The COVID virus has devastated American jails and prisons. By the end of 2020, one in every five inmates in the country had tested positive for the deadly virus—a rate four times higher than the general population. That translated into more 372,500 infections and nearly 2,400 deaths as of February 2, 2021, according to the Marshall Project

 

As of January 28, 2021, according to the Texas Department Criminal Justice, nearly 33,000 inmates and roughly 10,500 staff members had tested positive for the virus. Of those, 187 inmates and 37 staff members died from their infections. Add to the health crisis caused by the pandemic, the recent arctic storm and the resulting loss of power has left incarcerated people freezing, without water, in harsh, inhumane conditions. People have been left without heat, additional blankets and forced to survive in close quarters surrounded by urine and feces because plumbing is not functioning.  Drinking water has been in dangerously low supply.

 

Texas Inmates Imprisoned Face High COVID Infection Rates

 

The Marshall Project reports that Texas trails only California and the entire federal prison system for the highest imprisoned infections rate.

 

Texas’ elected officials have failed to keep the public informed about COVID infections/deaths in the county jails. It took the University of Texas in Austin (“UT Report“) to analyze the impact the virus has had on the state’s imprisoned populations. This report found that 80 percent of the jail deaths were people who had not been convicted of any crime.

 

The Associated Press reported on January 16, 2021 that a local federal judge Lee Rosenthal “asked officials to review how more than 1,900 inmates in Texas’ largest county jail {Harris County} could be released to relieve overcrowding at a facility where officials worry about a potential COVID-19 outbreak.”

 

Court of Appeals Blocks Release of Inmates During Pandemic

 

The Fifth Circuit Court of Appeals on February 2, 2021 took the “Great Writ,” as the writ of habeas corpus has been referred to through the ages of American law, off the table as a release vehicle in COVID cases.

 

The court’s decision, Rice v.
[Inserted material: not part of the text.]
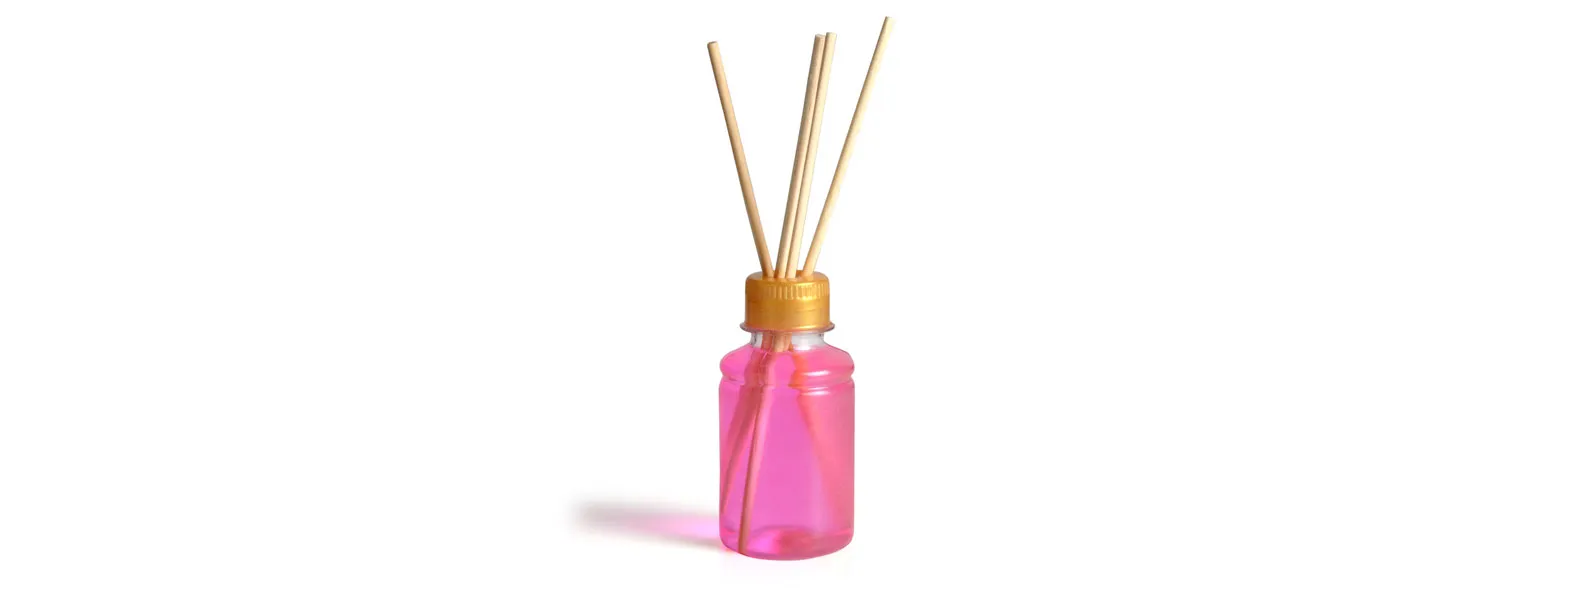 Kit para bandeja e aromatizador. Conta com bandeja redonda em bambu e aromatizador de ambiente com fragrância de orquídea.

Gonzales, concluded that “the Great Writ does not, in this circuit, afforded release for prisoners held in state custody due to adverse conditions of confinement.”

 

Skyler Thomas Rice is an accused offender housed in the Harris County Jail. Due to serious medical conditions (including asthma and hypertension) that place him at high risk of contracting the virus, he filed a petition seeking release from the jail either through a federal writ of habeas corpus (28 U.S.C. § 2241) or the federal civil rights statute (42 U.S.C. § 1983).

 

Treating the petition as one seeking federal habeas release, the federal district court concluded Rice was not could not avail himself to the writ. The Fifth Circuit explained why the district court was correct:

 

“In Pierre v. United States, this court held that, ‘[s]imply stated, habeas is not available to review questions unrelated to the cause of detention. Its sole function is to grant relief from unlawful imprisonment or custody and it cannot be used properly for any other purpose’… Similarly, that Rice might more likely be exposed to COVID-19 during confinement, and that he may have certain common underlying health conditions, taken together do not impugn the underlying legal basis for the fact or duration of his confinement. Rice seeks an extension of federal habeas corpus law that this court is not authorized to grant.”

 

COVID Throttles Harris County Jail 

 

Harris County Sheriff Ed Gonzales has informed Judge Rosenthal that his jail now houses more than 9,000 inmates making it virtually impossible to quarantine inmates who test positive for the virus.

 

In response, Judge Rosenthal, who is presiding over a lawsuit challenging bail practices in the county, expressed concern during a virtual hearing last month that conditions at the jail could create risks to “the health of inmates who are awaiting trial, along with jail employees and their families.”

 

The vast majority of those inmates awaiting trial, or some other disposition of their cases in the court system, pose no real threat to the community should they be released. But Gov. Abbott and his cohort, Attorney General Ken Paxton, do not see it that way. They view all imprisoned people through the same lens as someone accused of capital murder and have a vested “tough on crime” political interest in keeping the wealth-based bail system in place.

 

The recent Fifth Circuit decision now puts Harris County between the proverbial rock and a hard place in terms of fashioning any release plan. Local officials must devise a plan that will satisfy the judge while preventing the governor and attorney general from intervening. All this while addressing an increasingly sick population and the cost associated with a pandemic in a jail.

 

The federal appeals court has effectively shut down federal legal remedies for incarcerated people seeking emergency release due to COVID and related high-risk co-morbidities and complications. Failure to release non-violent individuals from needless incarceration means there will most likely be another significant COVID crisis in the Harris County Jail. This situation doesn’t bode well for the coming months, especially once the virus’ new variants worm their way into the facility.